Unable to stop shivering, whether from cold or nerves she wasn’t sure, she went upstairs and put on an extra sweater, then went down to the kitchen, made tea and eggs on the gas stove, and ate them at the table with the afghan around her shoulders. Afterward, she curled up on the couch and waited, getting up every ten minutes or so to look out the mudroom door and check the barn driveway for Claude’s truck. It was never there.
By noon, the crash of branches outside had lessened, but neither Claude nor Fletcher had shown up to check on the horses. She found a flashlight in a kitchen drawer and went upstairs to her parents’ bedroom to search for warmer clothes. Hopefully, she’d find a pair of her father’s flannel-lined trousers and his heavy barn coat, unless Mother had gotten rid of them.
Her parents’ bedroom was on the list of rooms she wasn’t allowed to enter as a child, so she’d only seen the inside twice: once when she knocked on their door crying after getting sick in bed, and again during a thunderstorm that shook the entire house.
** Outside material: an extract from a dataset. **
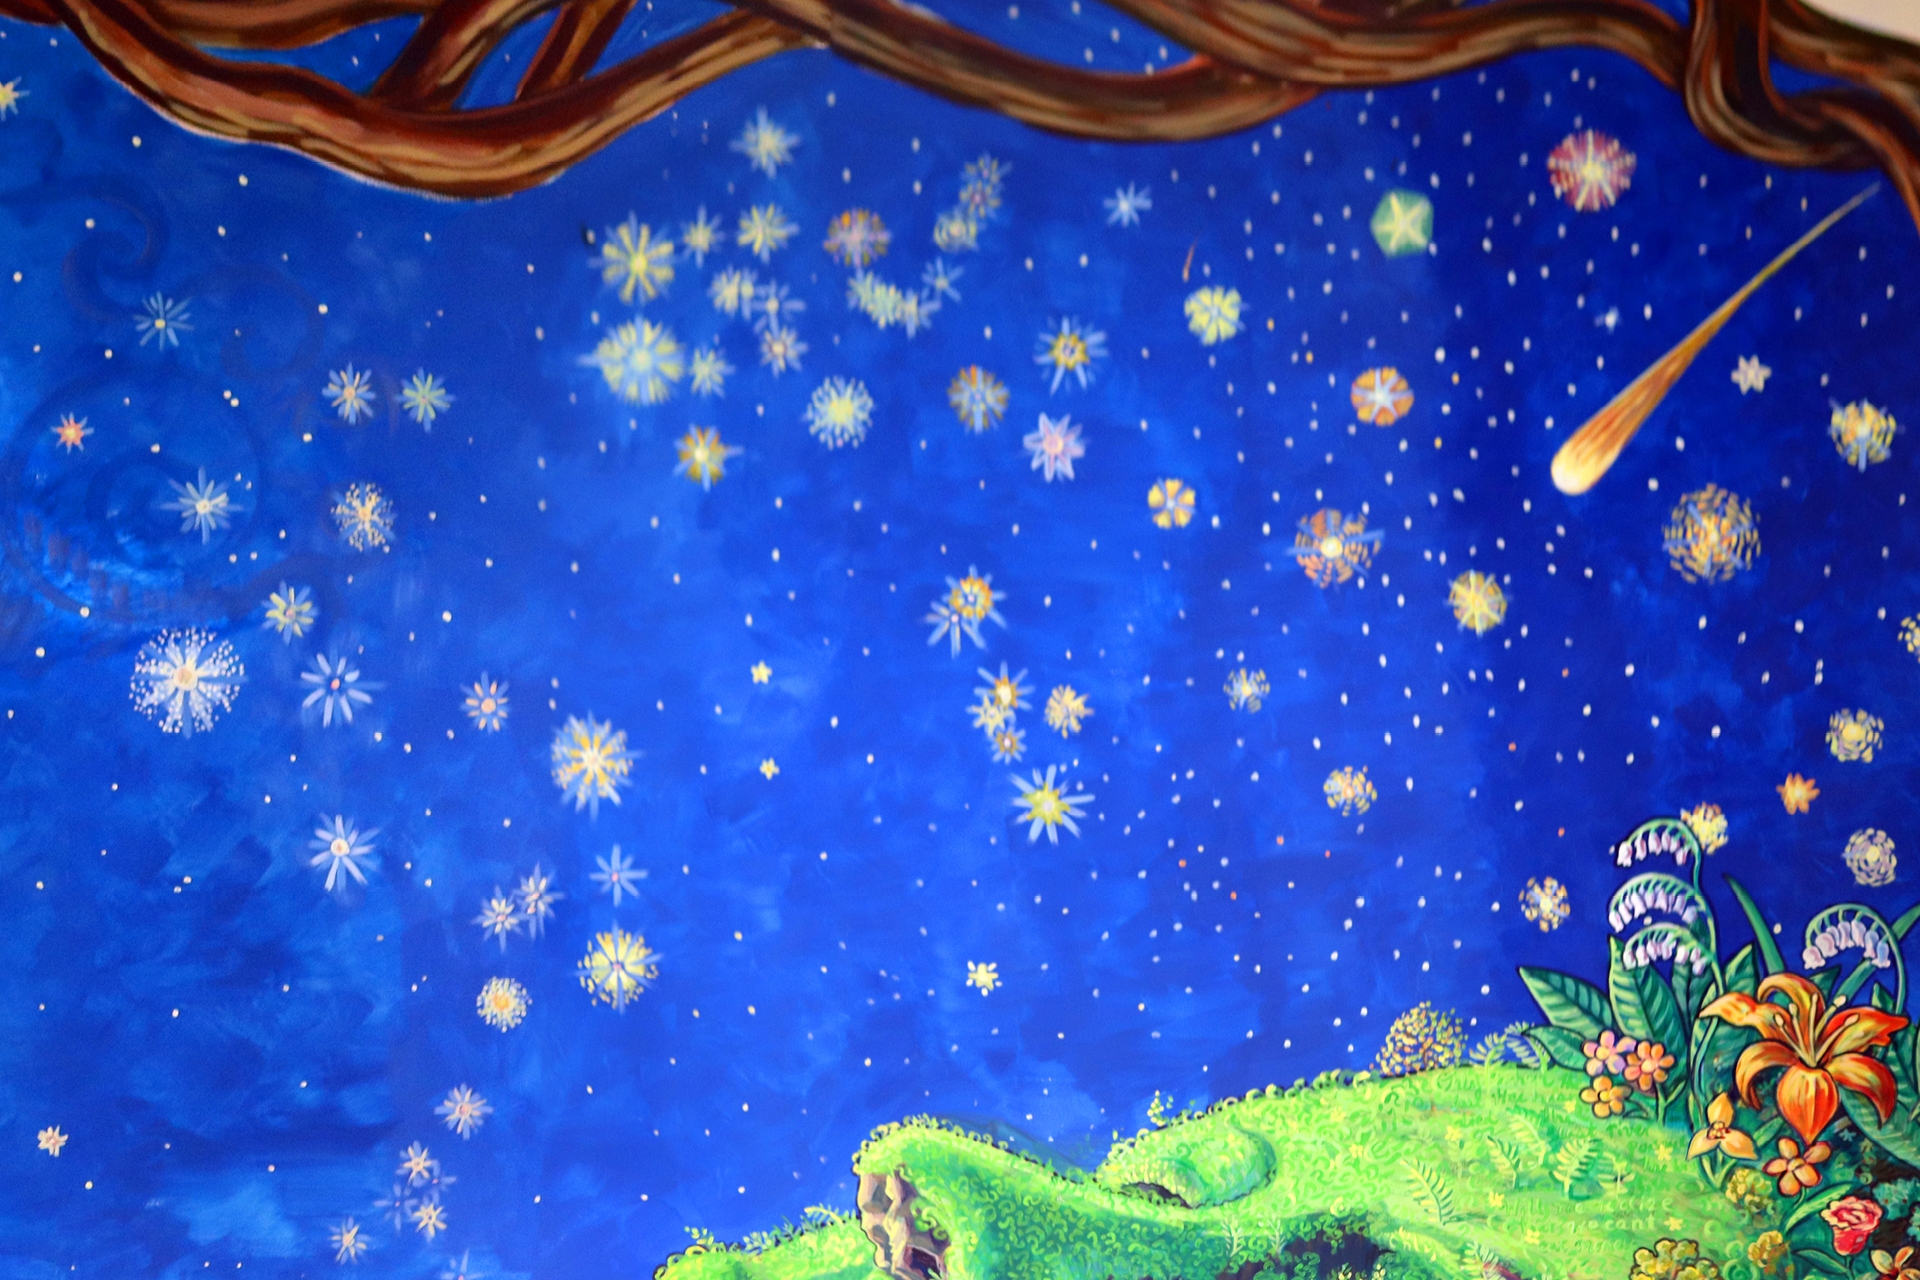 Stars painted on a rich blue background. In front of the background at the top of the picture there is a brown, gnarled tree branch. In front of the stars at the bottom of the picture there is a profile of a face looking up. The face is a hill, with grass for skin and flowers for hair. The face's eyes are closed.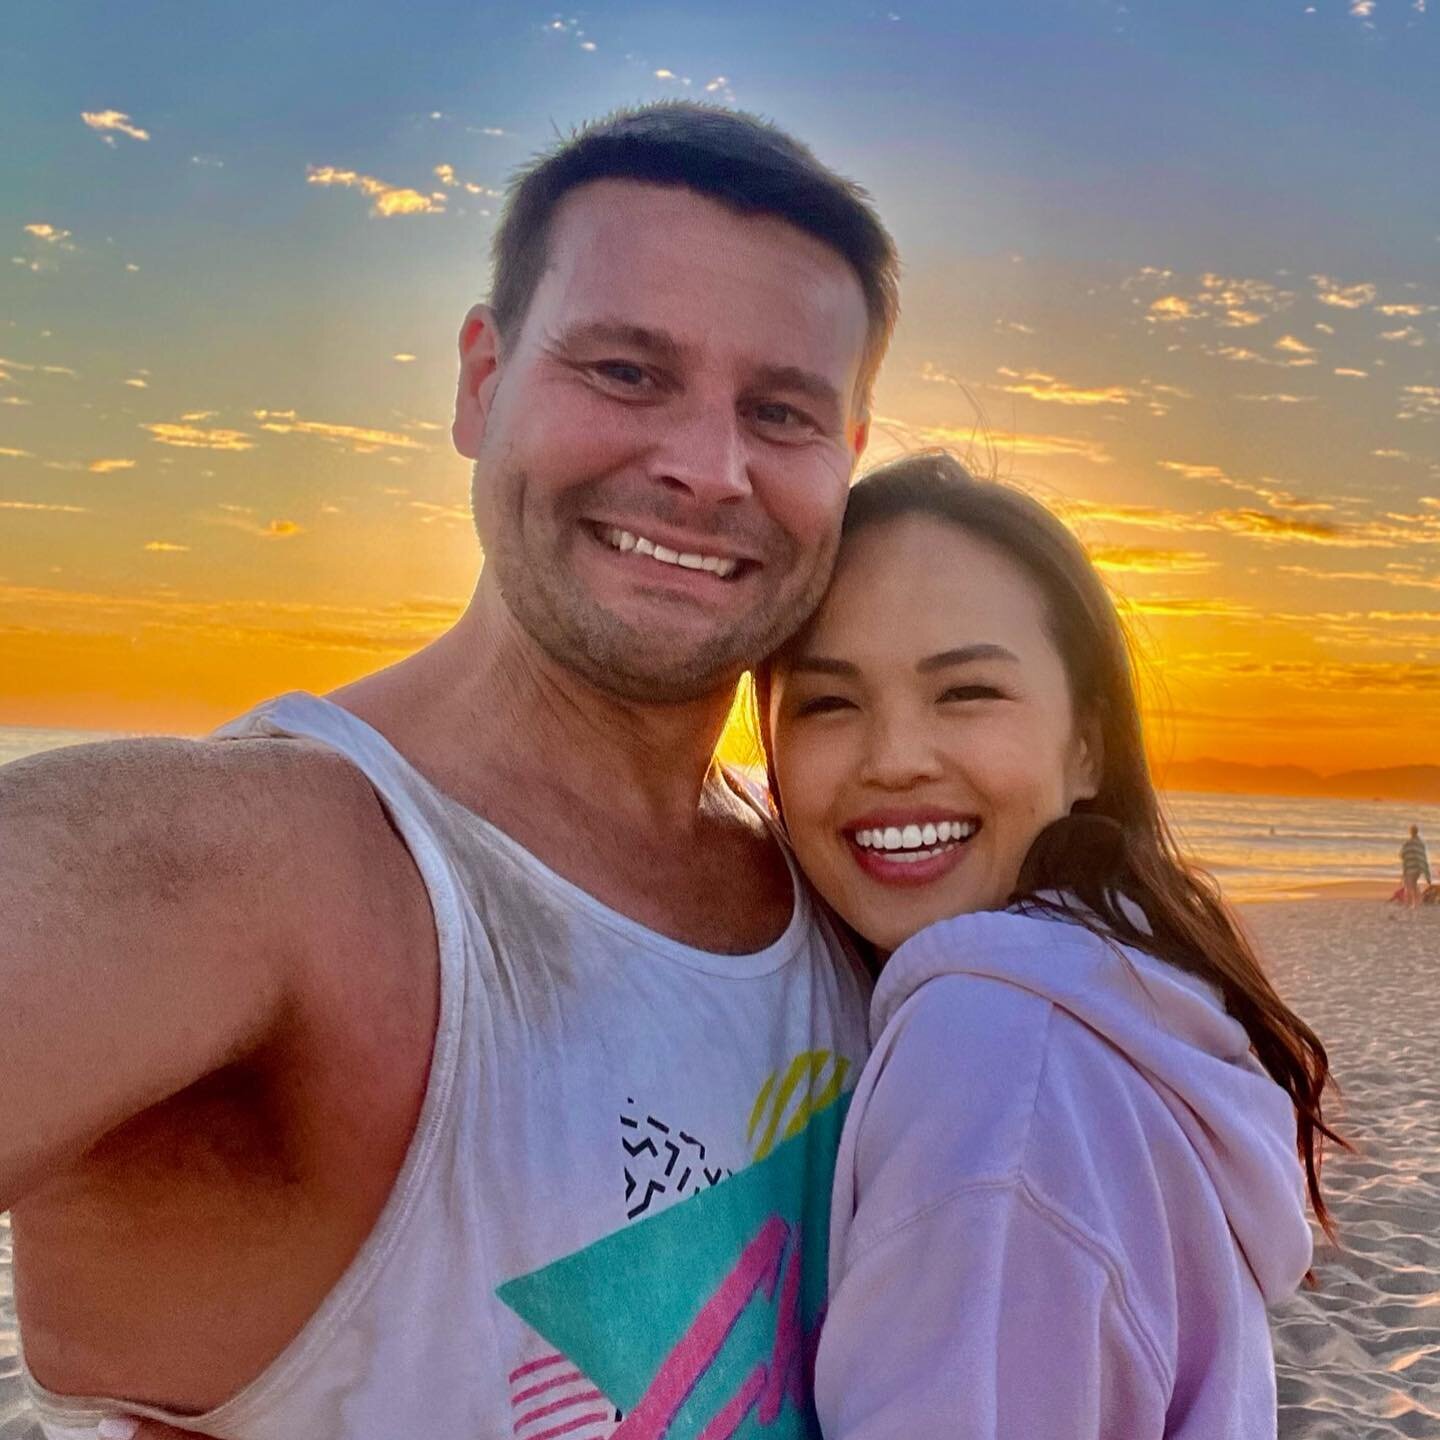 Nothing beats the beach life with your babe! And these beautiful sunsets 🌅 😍

Both times, Mother ushered her back to her own bedroom, refusing to let her inside. Now, she couldn’t help wondering if she was about to find out why.
After two tries, she found the right key, unlocked the door, and stepped inside. Like the rest of the furniture in Blackwood Manor, the bed, dressers, and armoire were mahogany carved with scrolls, leaves, floral swags, and lions’ heads. The posts of the four-poster bed were as big around as trees, with marble finials and fluted columns. Matching brocade lamps with tasseled fringe sat on the bedside tables, and religious paintings and crucifixes adorned every flocked wall. Julia remembered the night of the thunderstorm; Mother opening the door and lightning flashing on a portrait behind her shoulder—Jesus on the cross, his eyes rolled back in his head, blood running from an open gash in his ribcage. Afterward, Julia had nightmares for weeks. And she never went to her parents’ bedroom again, no matter how sick or scared she was.
Oddly, the rest of the rooms in the house—the ones Julia used to be allowed to enter anyway—were free of religious images and crosses. Even stranger, Mother agreed with Father that the common areas, where they occasionally entertained clients, were no place for them. Father said he didn’t want the house filled with spiritual things because he didn’t want to push religion on others. But Julia always sensed his impatience—bordering on resentment—with Mother’s beliefs, especially when she insisted on turning every serious conversation into a Bible lesson and praying on the rare occasion they went out to dinner. He’d go along with it for a while; then he’d roll his eyes and change the subject. For reasons Julia never understood, it was the only time he stood up to Mother, and the only time Mother conceded.